**Task description:** From the line that contains "My Salonnn Hair" through the line that contains "AquaticsInBrief_newsletter_10.2016_fall_cover", output every line of the listing below exactly and leave out all the rest.

**Listed records:**
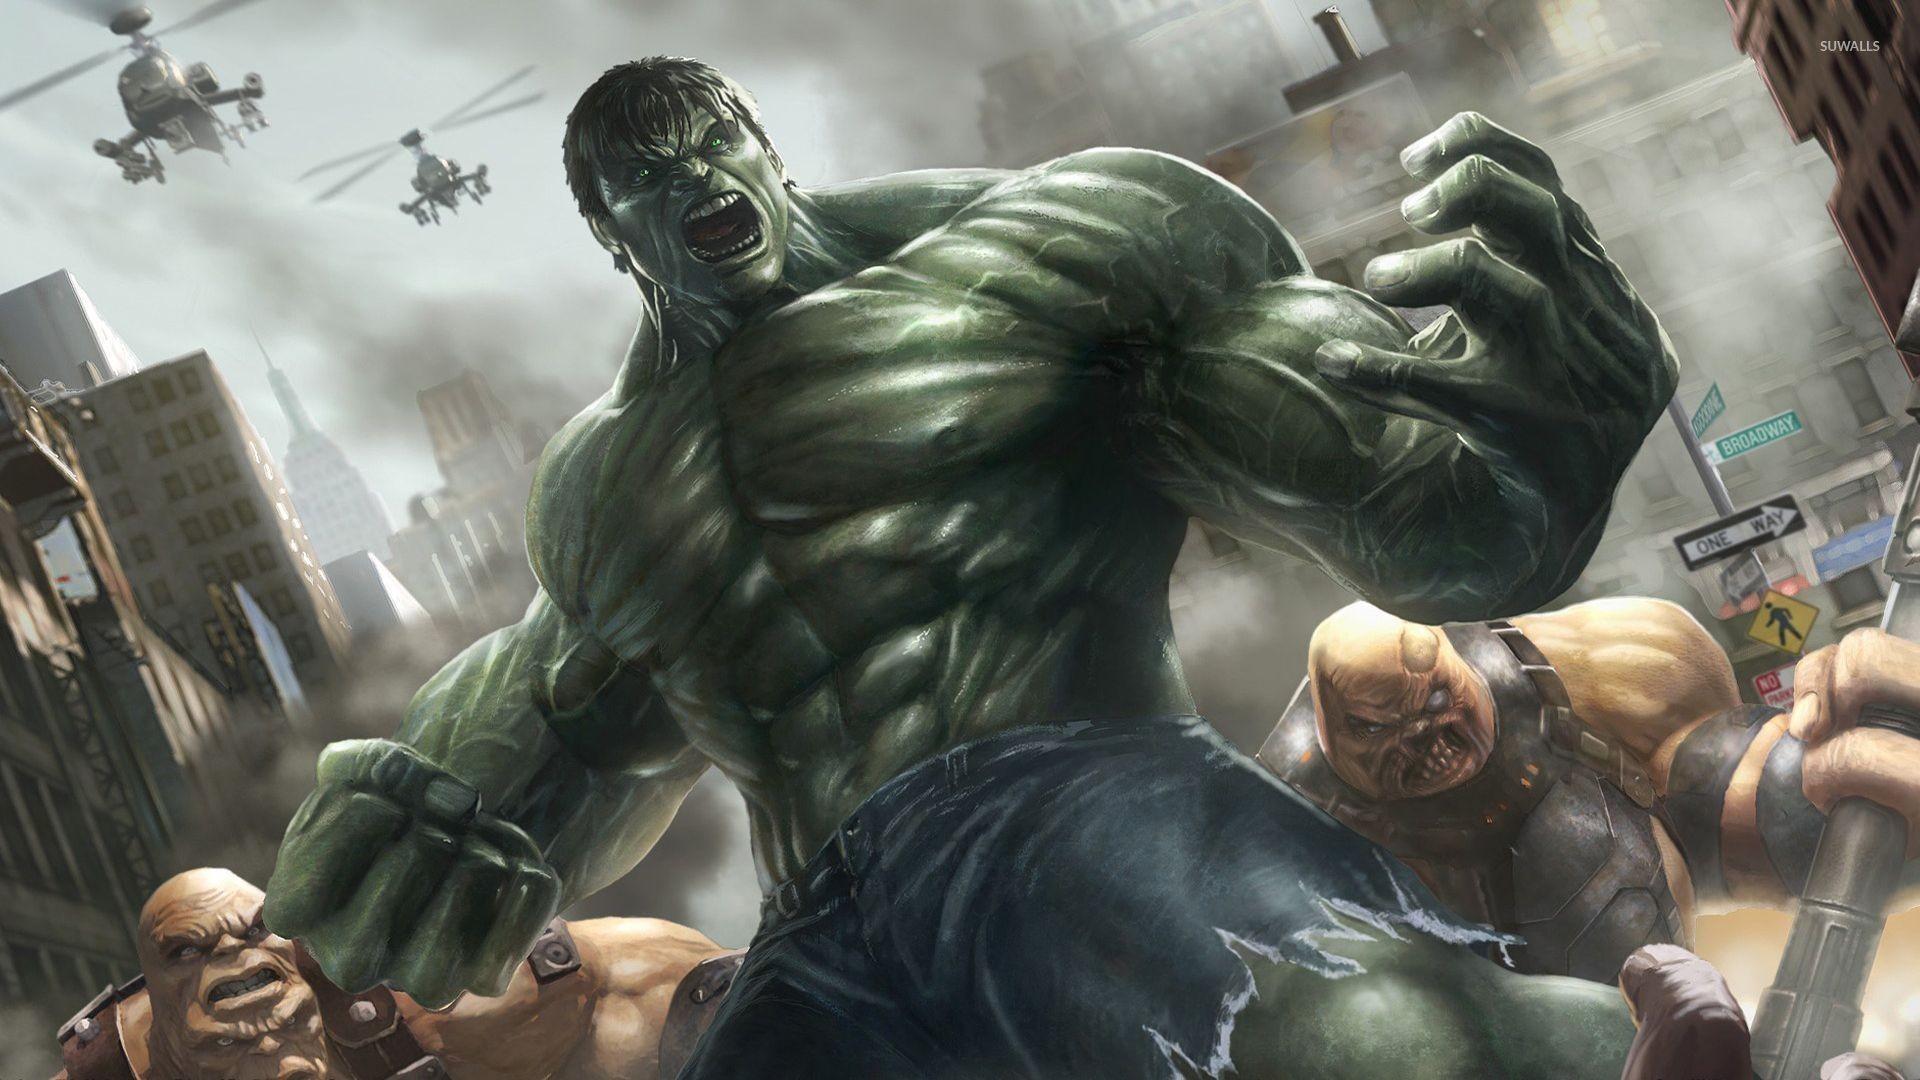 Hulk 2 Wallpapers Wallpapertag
* * *
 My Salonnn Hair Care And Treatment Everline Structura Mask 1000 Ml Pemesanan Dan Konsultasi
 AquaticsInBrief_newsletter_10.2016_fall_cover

**The answer:**
 My Salonnn Hair Care And Treatment Everline Structura Mask 1000 Ml Pemesanan Dan Konsultasi
 AquaticsInBrief_newsletter_10.2016_fall_cover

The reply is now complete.